In exchange for his hiring of adventurers to explore certain location around the inn (that the presence reveals through messages that appear overnight atop a desk adjacent to the bed Morligo sleeps on each night) the presence leads away agents of rival merchant families desiring Morligo’s capture, that he might reveal the whereabouts of treasures secreted away by the Kravalondur trading empire before its collapse. Morligo hires adventurers through factors that once did business for the Kravalondurs in this part of the world, and instructs them to pay upfront in gems (rubies and sapphires).
He has become attached to the stormy upland inn that serves as his temporary home, and remains untroubled by the recent deaths of a quintet of adventurers (members of a band called the Company of the Arrogant Quill) whose decomposing bodies are visible partway up one of the mountains behind the inn, their corpses swaying in the wind where they hang from an old tree. He’s lobbied his fellow guests to pool their resources to hire someone to attempt to recover the adventurer’s bodies, on the chance that he might get his gems back. Morligo is not the only Kravalondur to make a new home in the region, but he is the only member of his family to not invest his or her remaining wealth in the hiring of mercenaries and adventurers to bring the fight back to his native land.
The Ghost Lanterns, and Other Details:
Visitors find the Lanterns to be hospitable and roomy. The inn staff treat guests like nobility, never need be told anything twice, and are very good at anticipating their customer’s desires. However, the high slopes of the mountain range where the Lanterns is located are not nearly as welcoming, and the frequent storms and billowing fog that roll in without warning make the journey to the inn a dangerous one.
The inn would likely remain empty for months at a time, were it not for the five ghostly lanterns that flit about in the night seeking weary travelers to guide. These apparitions sometimes appear in the day when clouds blanket the region and the storms are at their worst. The lanterns seem to know the region around the inn in precise detail, and have successfully guided lost travelers through difficult terrain in the worst of weather. The apparitions are immune to the divine channeling of clerics, and to spells that control or otherwise compel undead. Their origin is the subject of endless conversation and debate among guests of the inn.
Adventure Hooks:
1. Guests of the inn have debated for days whether to try and remove the bodies of their fellow guests, all of them adventurers who appeared overnight hanging by their necks from ropes tied to a leafless old tree on the mountainside behind the inn. The ghostly lanterns that guide travelers around obstacles and pitfalls seemed unaware of whatever danger lurks near the tree, though now the lanterns refuse to ascend the slope that leads to strange tree and its grisly collection.

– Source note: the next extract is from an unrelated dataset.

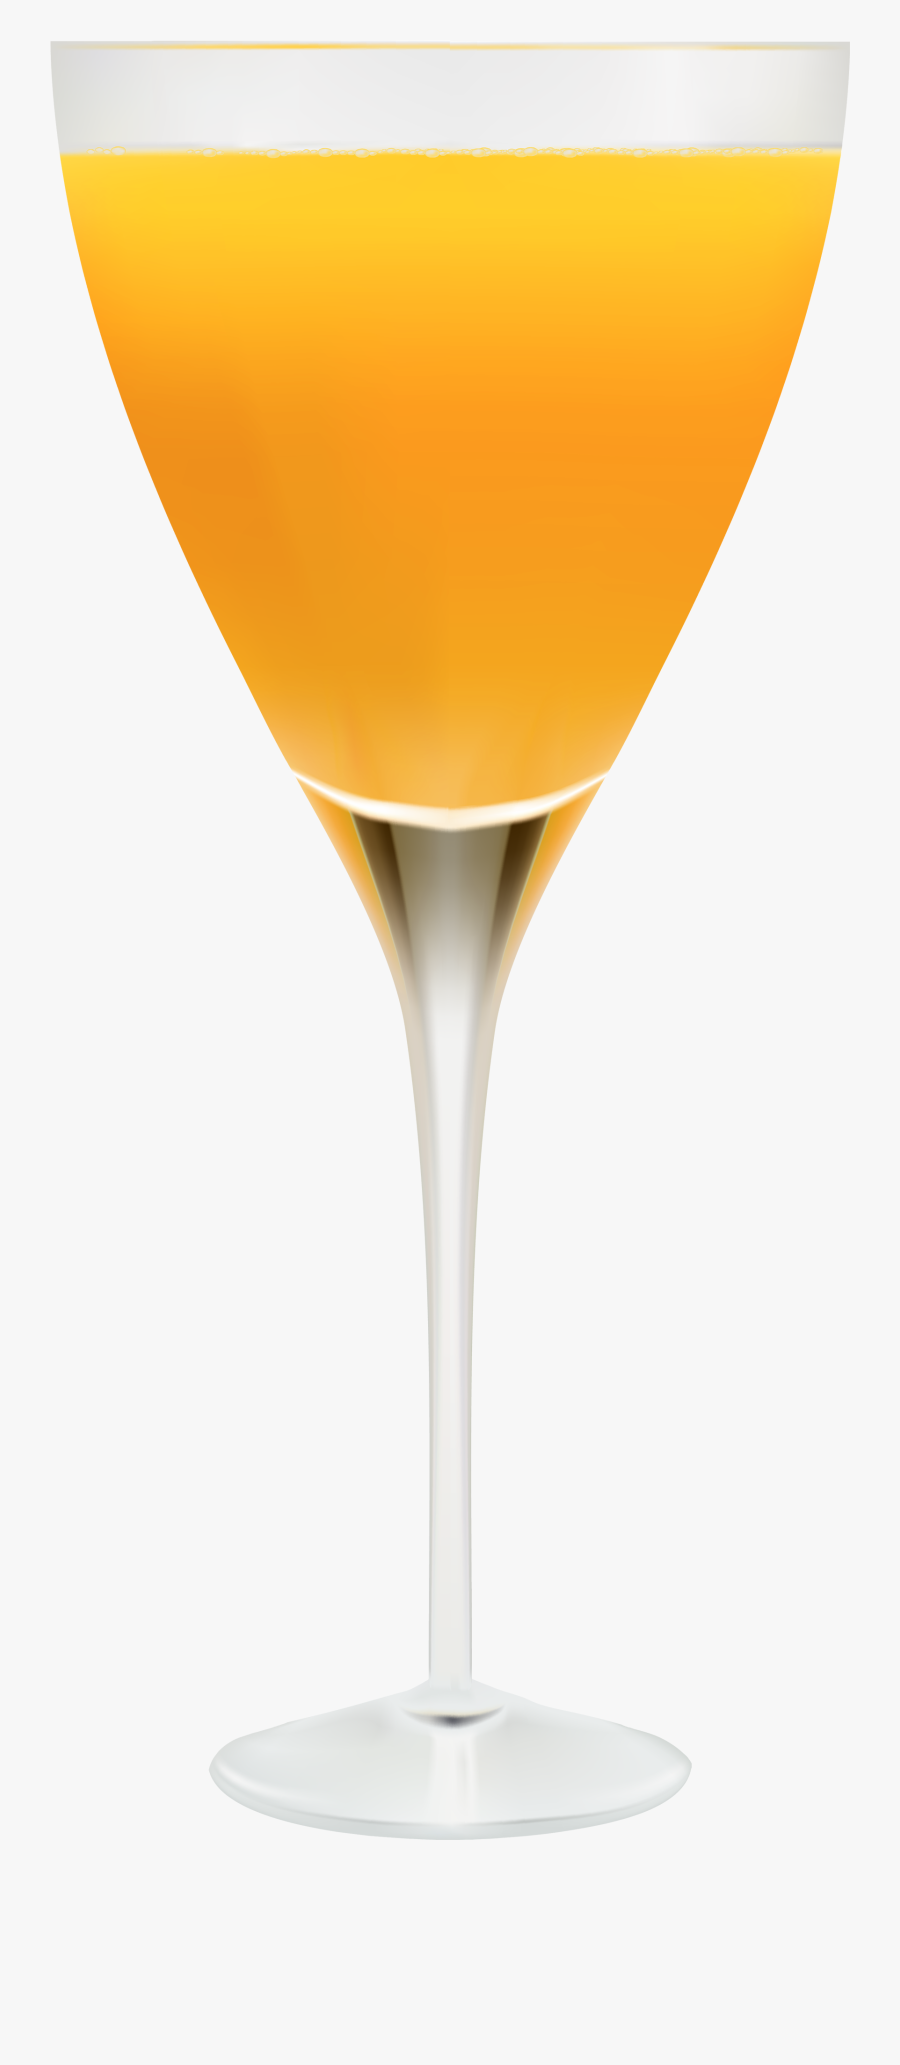 Mango Juice Glass Png, Transparent Clipart

2. The stone walled, slate roofed hovels where the majority of the Lantern’s staff live are set partially into the face of one of the two mountains that flank the inn. Adventurer lore claims one or more of these homes contain back entrances that lead into a network of caverns and tunnels that run to an abandoned dwarf mine, or spiral down into passages leading to the Underdark. Guests who politely inquire with the inn staff are lead to a home that is not in fact a home, and sent on their way after being reminded that, once in the mountain, no ghostly lantern will appear to guide them to safety.

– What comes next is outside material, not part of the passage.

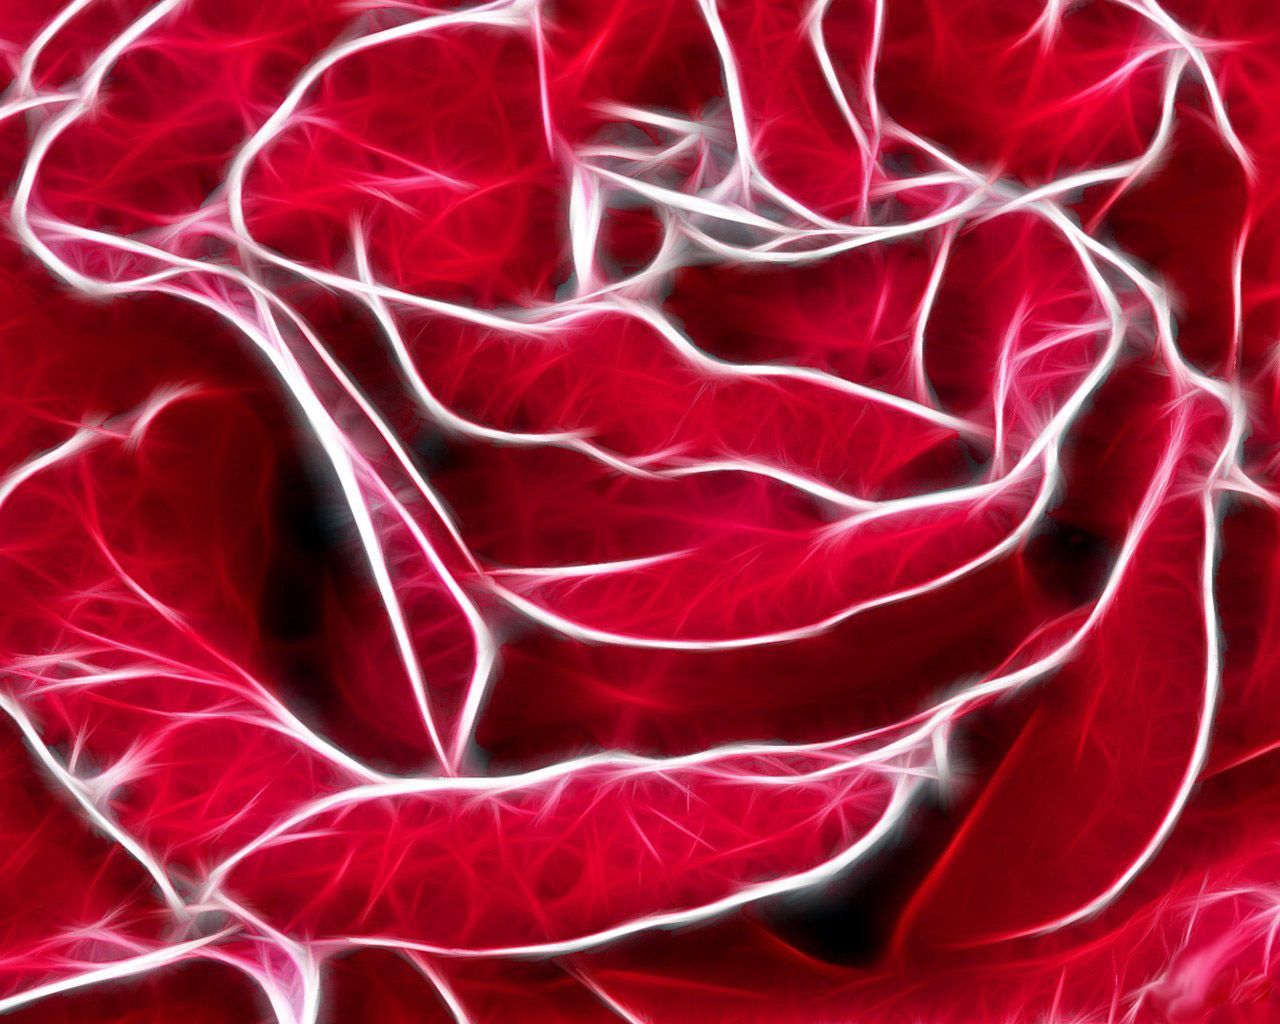 Desktop Wallpaper · Gallery · Windows 7 · Red rose - background ...

3. The unexpected death of the sage Erroakrel (a retired adventurer; specialties include locally known magic items, dragonkind, and unique gemstones found in the mountains where the Lanterns is located) has disrupted plans for a winter conclave of sages at the Five Watchful Lanterns. The sages and their retinues already arrived at the inn have fallen into dispute over the arrangements of Erroakrel’s remains, as well as his possessions, and some whisper his death was not natural. Still more sages are making the journey up the plateau, and the first winter snows have already begun to fall.